3)  I came up with lots of new ideas for books (many of which I actually started writing).  I even published the first novel, Terminus, in a new series.  I feel blessed that it has been well-received by readers and I look forward to getting the next book in the series published.

Things Done Poorly
1)  The first thing on this list is an easy one to pinpoint: I only published two books in 2014.  Two!  I actually posted very recently about how our ability to write and publish quickly is a major strength for indies, so this is completely at odds with my personal philosophy.  However, it is something that I definitely intend to remedy.

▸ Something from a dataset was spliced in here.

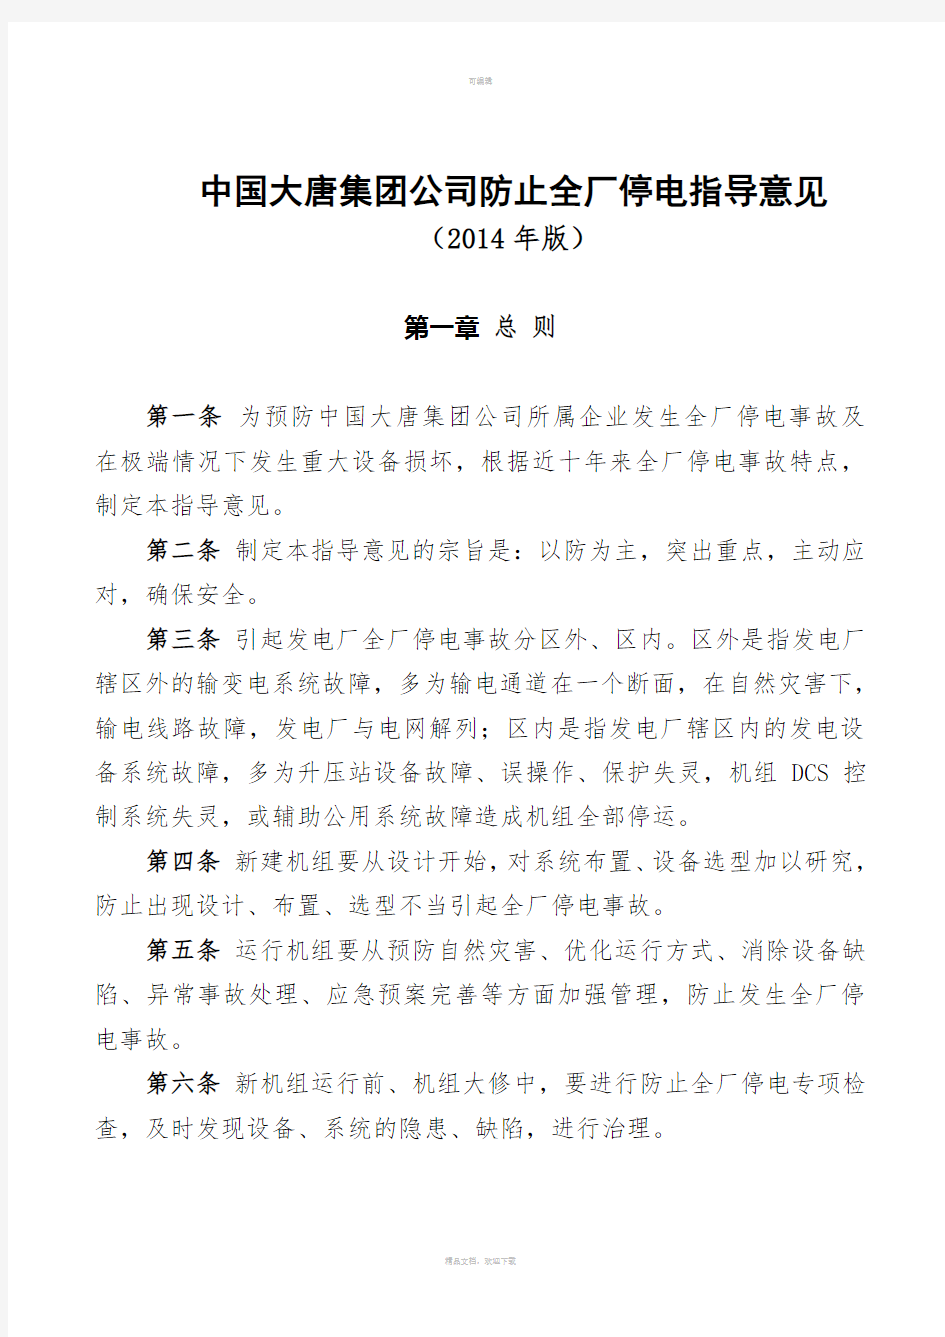 中国大唐集团公司防止全厂停电指导意见

2)  The two books that I finished in 2014 were published roughly seven months apart.  Frankly speaking, that's simply too large of a break between books for an indie author. Unless you are selling massively (as opposed to modestly, like myself), it's just too easy for readers to forget about you, even if they are huge fans. That's why my preference is to publish books no more than four months apart, although publishing a new one every 2-3 months would be far better.  (If you need proof of how important it is to publish regularly, you need look no further than my sales.  Before I published Terminus in November, my monthly sales were the lowest they had been since I began in 2013.)

3)  I didn't publish a novel in my most popular series, Kid Sensation, which can almost be considered heresy.  I had sincerely hoped to have the next book done back in November, but I had some other things come up that left me with little time to write, if I'm being honest.  Still,  a successful series is a rarity, so continuing to expand on that achievement is imperative.

Of course, there were lots of other things that can be lumped into the category of right or wrong for the year, but these are probably the primary contributors to any successes or shortcomings I experienced.  Naturally, I intend to continue embracing the positive practices while eliminating the negative.  With a little luck, the 2015 "right" list will be far longer than the "wrong" one.